Cyber security company Brandefense, which provides digital risk protection services, external attack surface management and threat intelligence solutions to corporate structures around the world, has published the Ransomware Trend Report, which examines the details of the first quarter of 2023 and compares these details with the last two quarters of 2022. According to the report, the sectors most exposed to cyber attacks were private businesses, professionals and public services, while Lockbit was the most active cyber attack group.
Ransomware is one of the most used methods by cyber attackers lately. Cyber attackers demand ransom by threatening to make the data they obtain by infiltrating devices such as mobile phones and computers through these malicious software, or to sell them on the dark web. The expert analyst team of Brandefense, which operates with the aim of protecting the reputation of brands in the digital world with the products developed and solutions in the field of cyber security such as vulnerability analysis, data leak notification, darkweb monitoring, attack surface detection, against the risks that brands may encounter in the digital environment, prepared a report. This study, titled “Ransomware Trend Report”, provides clues about the attack tactics and techniques of the most active ransomware groups for 3 months, while providing valuable information for IT security and risk management professionals to understand current trends in ransomware attacks and protect their organizations from future threats.
Lockbit most active attacker group
The Ransomware Trend Report published by Brandefense covers a nine-month period from the 2022rd quarter of 3 to the 2023st quarter of 1. According to the report, during this period, 34 percent of ransomware victims were related to private businesses, professionals and public services, 16 percent to the manufacturing sector, and 8 percent to information technologies.
The study also includes important findings about ransomware attacker groups. According to the report, Lockbit's attacks in the first quarter of the year decreased by 2022 percent compared to the last quarter of 27; however, it stands out as the most active attack group due to the sophisticated tactics it uses and the breadth of the targeted industry spectrum. Clop, which increased its attack activity by 2023 percent in the first quarter of 800, and Play, which increased it by 147 percent, are among the noteworthy groups.
In the same period, Royal Group's focus on food and agriculture and Clop's focus on information technologies shows that some cyber attackers have developed special techniques to take advantage of security vulnerabilities in certain sectors.

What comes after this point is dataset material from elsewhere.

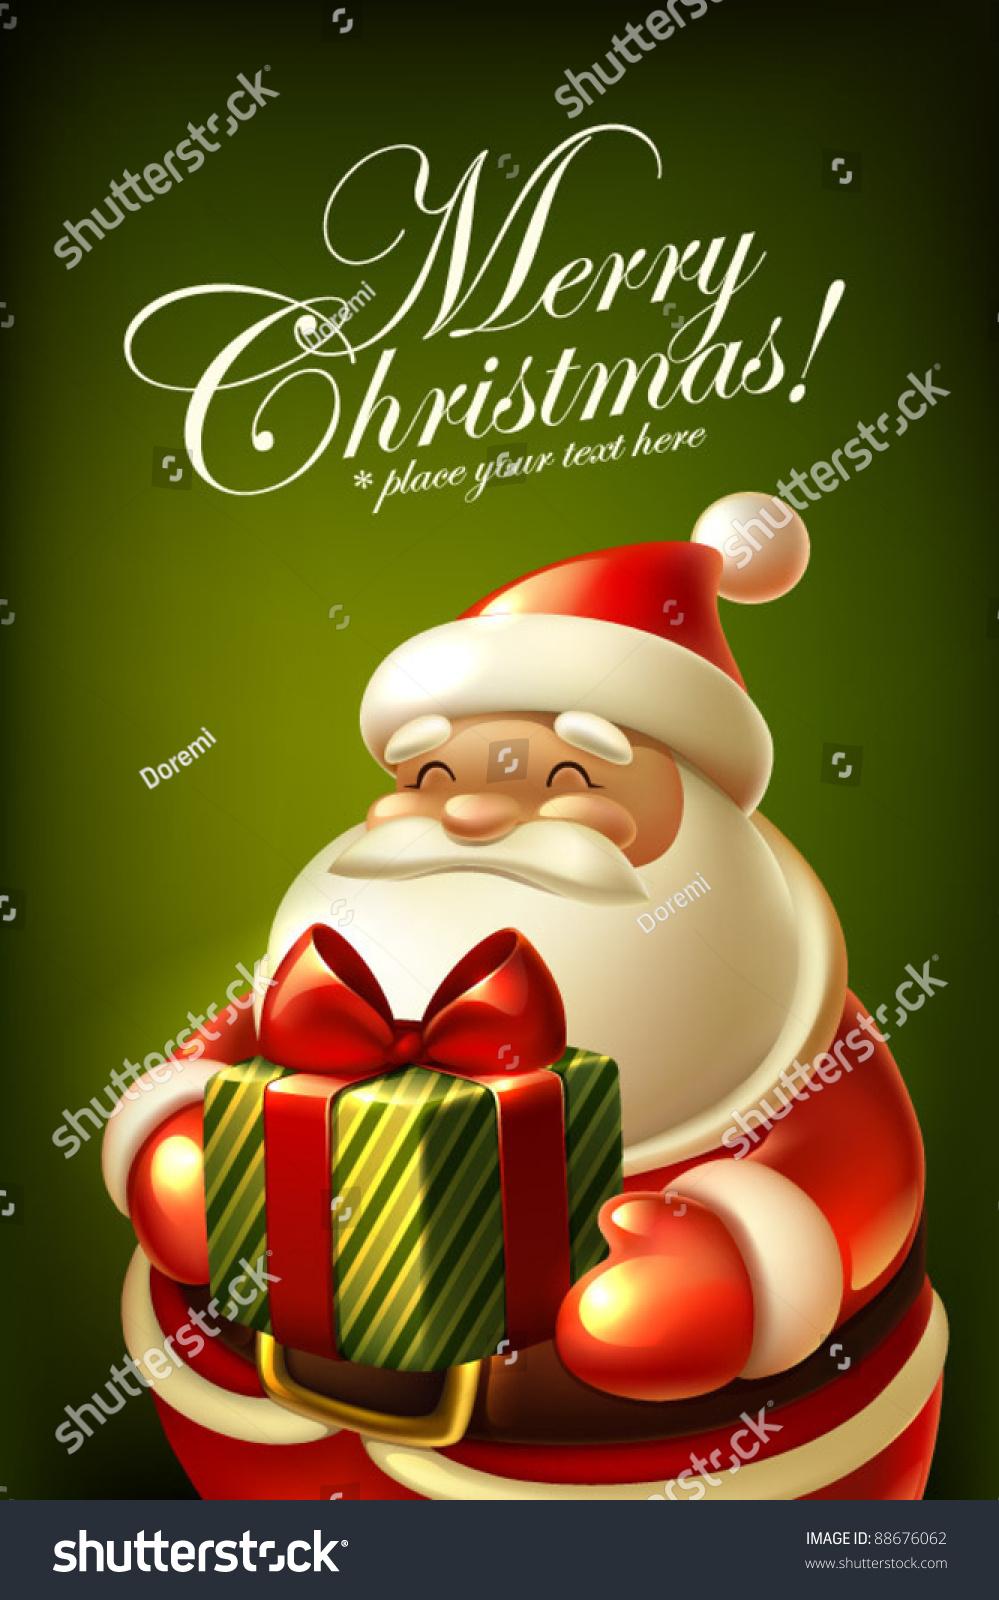 Santa Claus Christmas Card Stock Vector (Royalty Free) 88676062 ...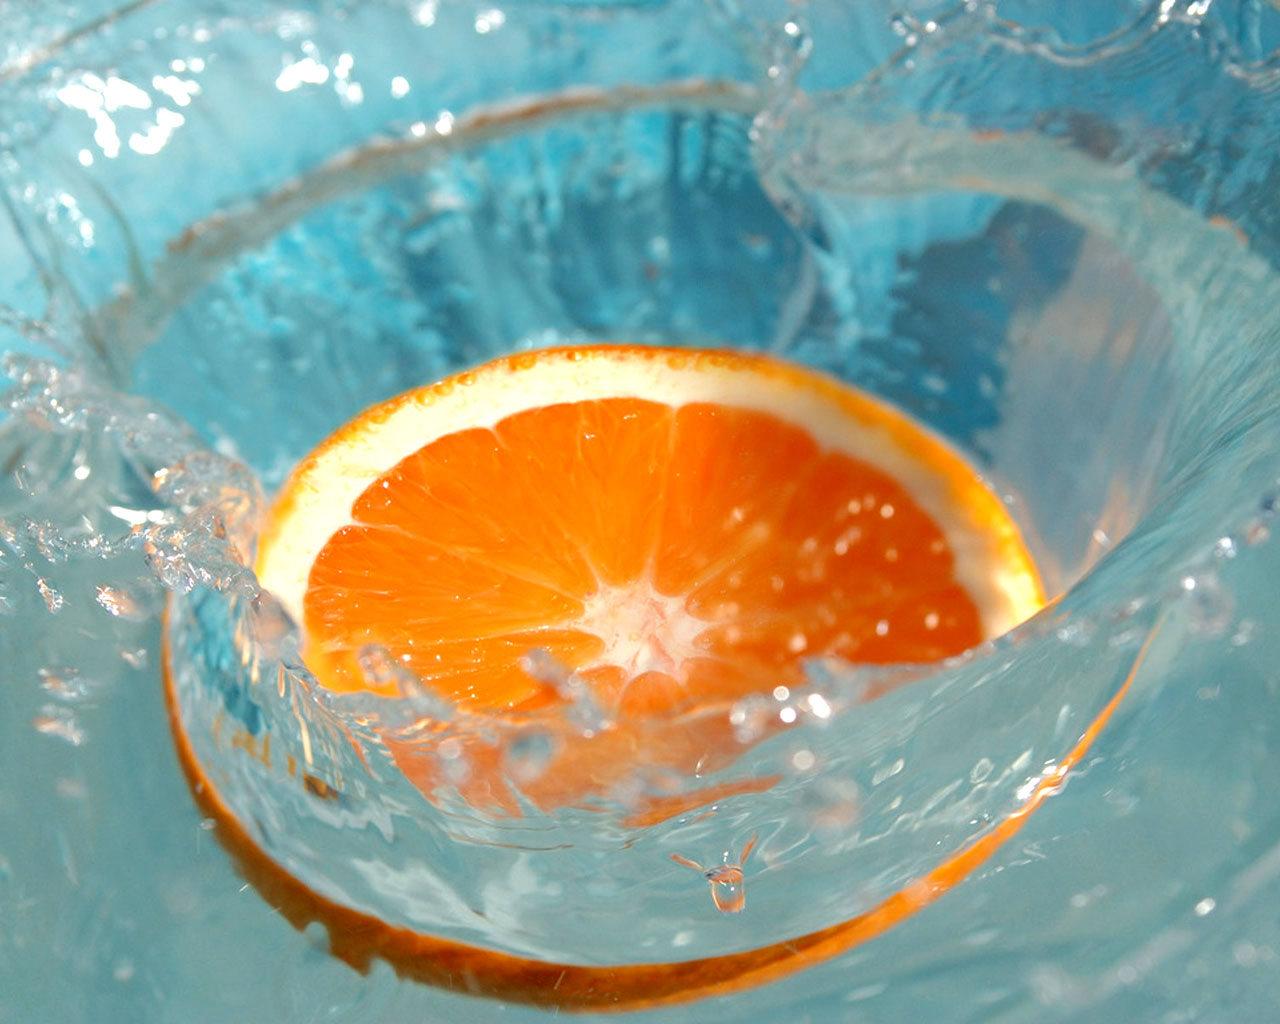 Апельсин в воде, брызги, фото, orange, обои для рабочего стола

The USA was the target of 47,6 percent of the total attacks
According to Brandefense analysts, who stated that there were 6 victims of cyber attacks in 68 countries in 1192 months, there has been an increase of 12,5 percent to 200 percent in ransomware victims in many countries such as Sweden, Indonesia, Venezuela, England and Italy in the last period. In the first quarter of the year, the USA, England, Canada and Germany maintained their top places in the ranking of the countries with the highest number of victims. While 46 percent of the total victims of attacks were located in the USA, the United Kingdom had a share of 8,6 percent, Germany 4,1 percent and Canada 3,9 percent. In this process, while the ransomware attacks against the important target countries Germany, Brazil and Spain decreased compared to the previous quarter, it was noteworthy that the ransomware attacks targeting the United Kingdom almost doubled.
Ransomware Trend Report, a comprehensive and retrospective report on cybercriminal activity worldwide; It contains several sections with statistics on the size of the ransomware attack by industry, country, ransomware groups, and company size. The report also provides information on the tactics and techniques of various ransomware groups during attacks on vulnerabilities. Ransomware Trend Report is available on Brandefense.io.